## [Information provided]
◇ ◇ ◇ ◇ ◇
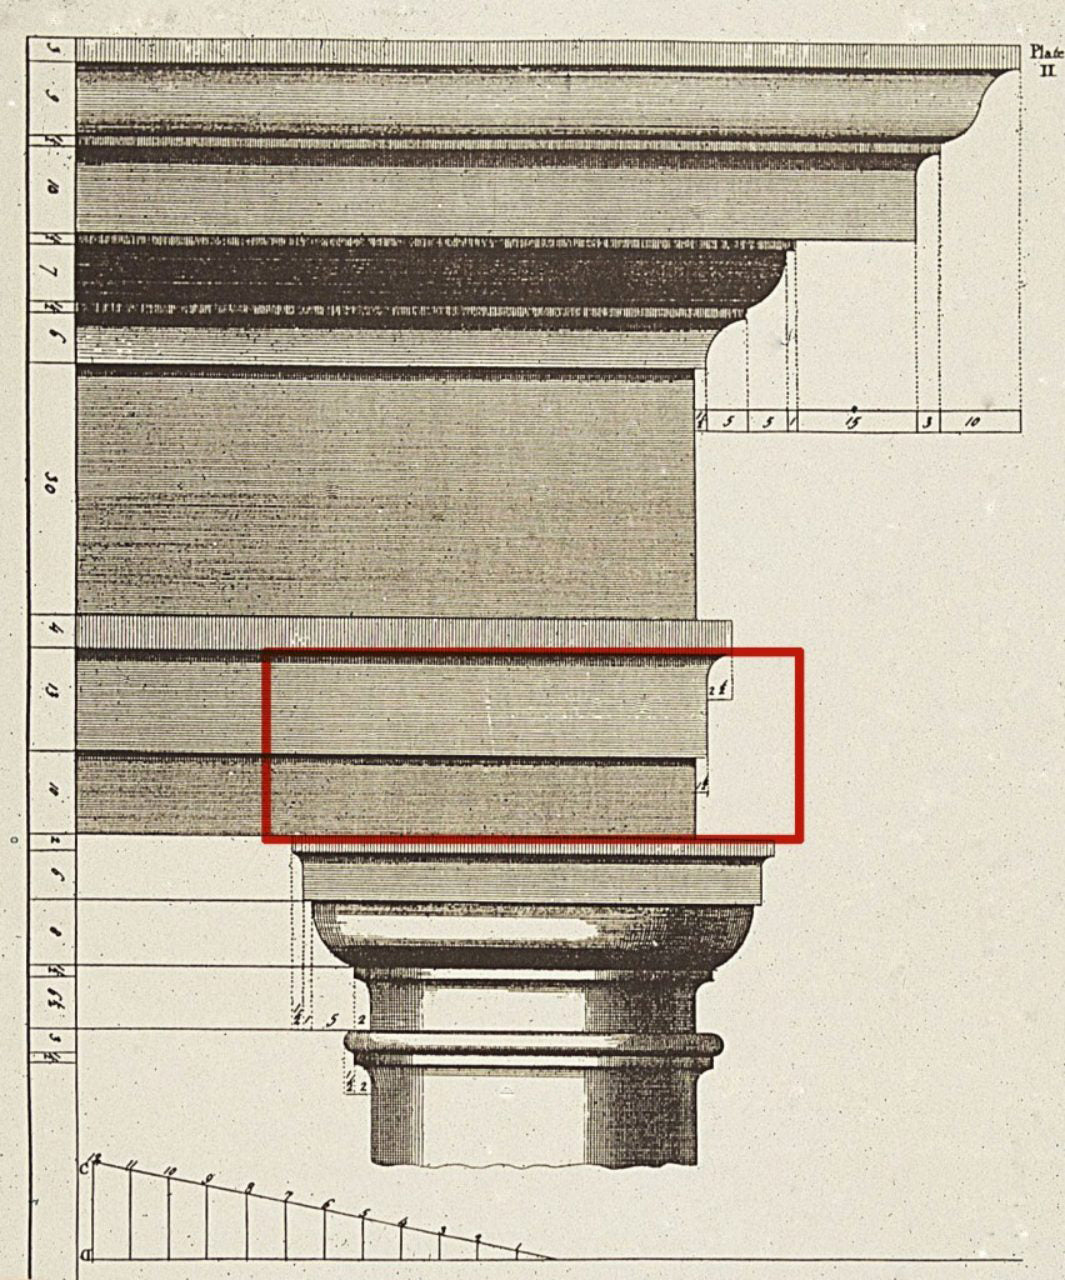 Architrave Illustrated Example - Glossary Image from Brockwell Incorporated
◇ ◇ ◇ ◇ ◇
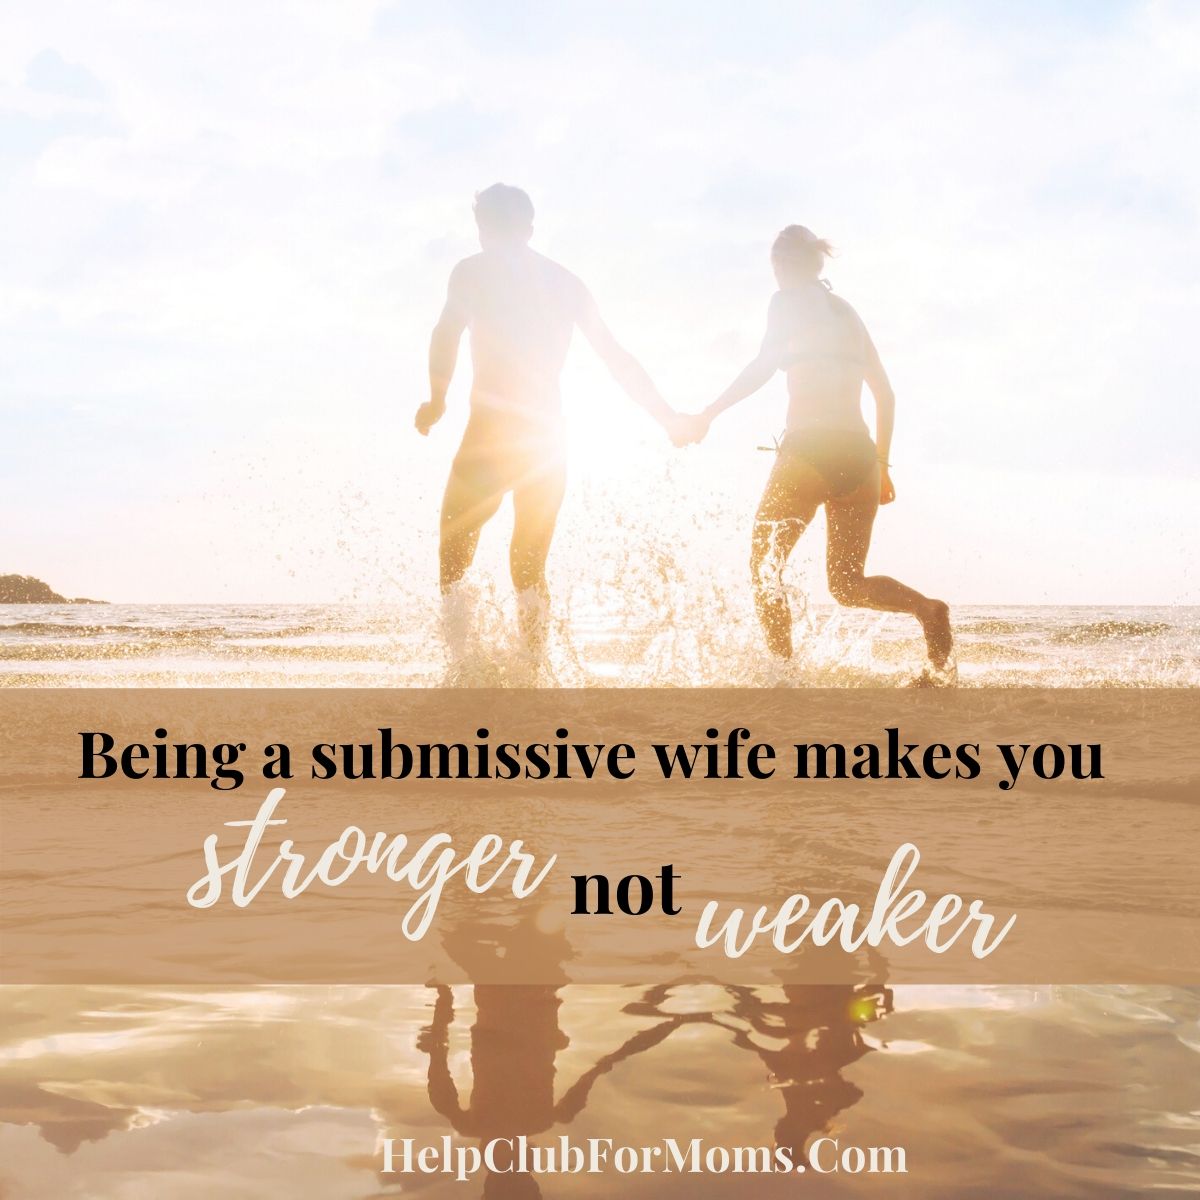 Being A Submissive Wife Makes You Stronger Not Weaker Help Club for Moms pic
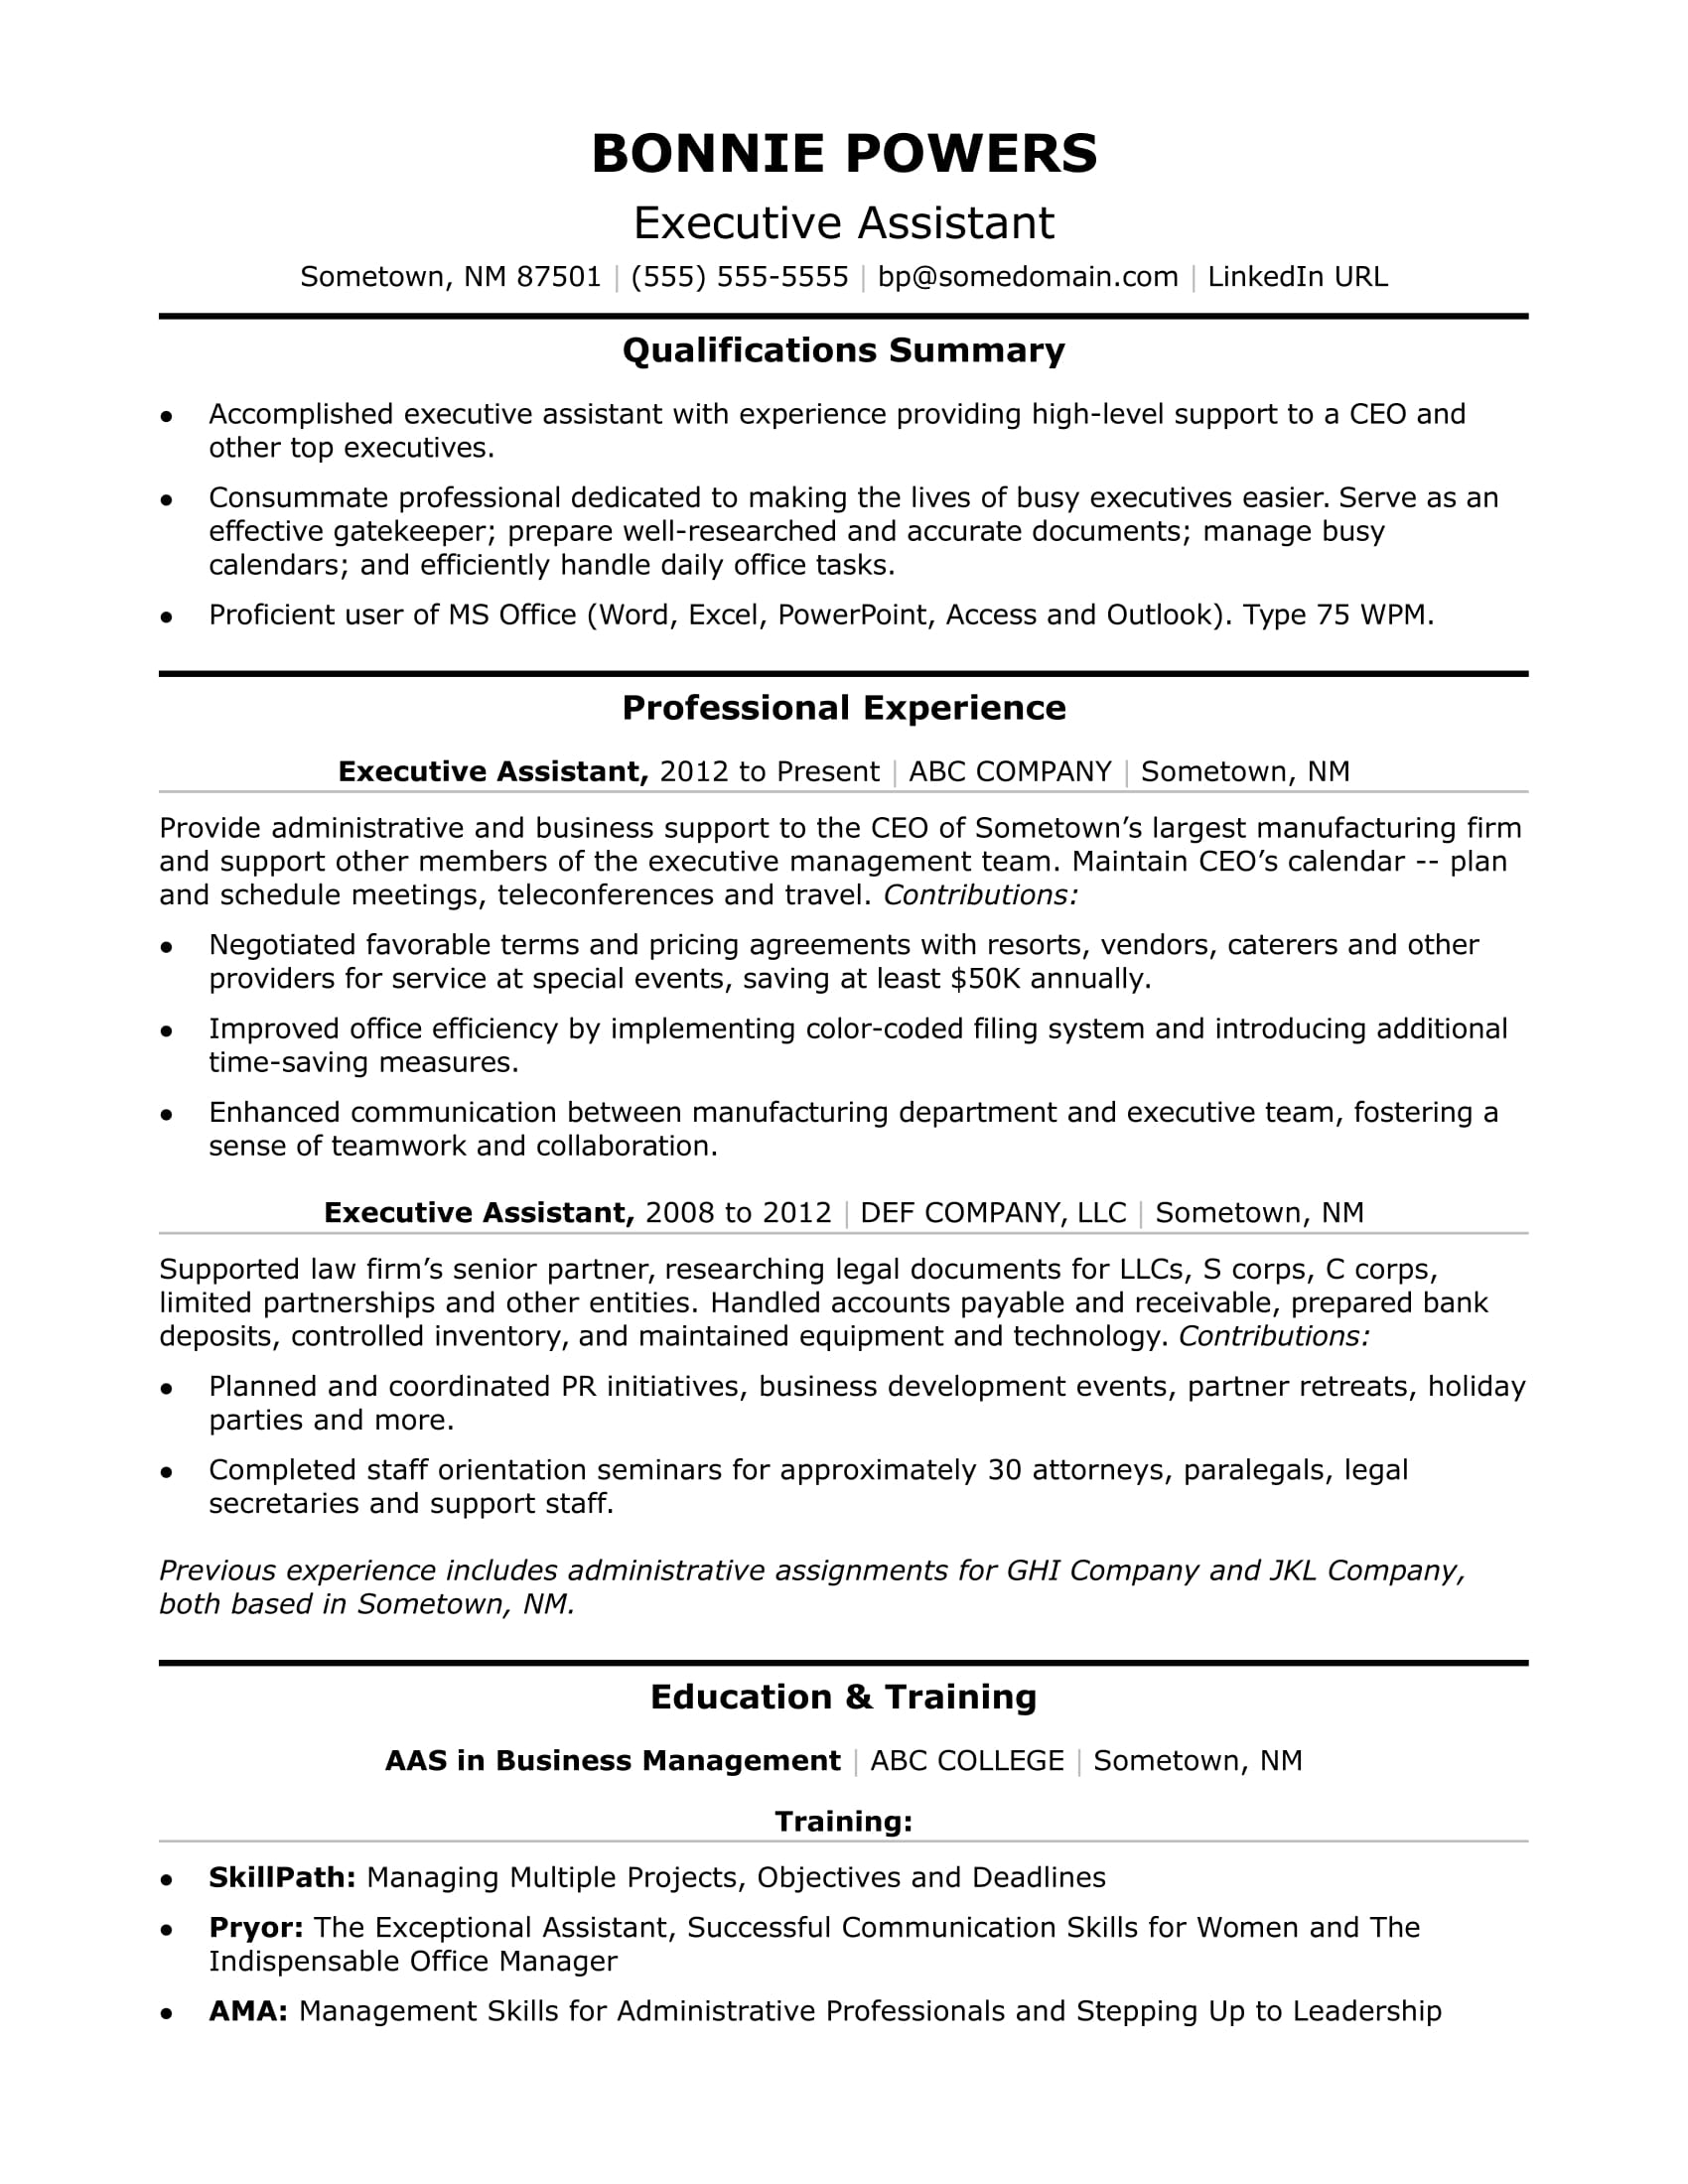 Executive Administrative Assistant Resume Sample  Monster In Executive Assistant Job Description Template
◇ ◇ ◇ ◇ ◇
## [Problem details]
The answer should consist only of the lines above from the one with "Being A Submissive" through the one with "Executive Administrative Assistant", repeated exactly, with no pictures among them.

## [Final answer]
 Being A Submissive Wife Makes You Stronger Not Weaker Help Club for Moms pic
 Executive Administrative Assistant Resume Sample  Monster In Executive Assistant Job Description Template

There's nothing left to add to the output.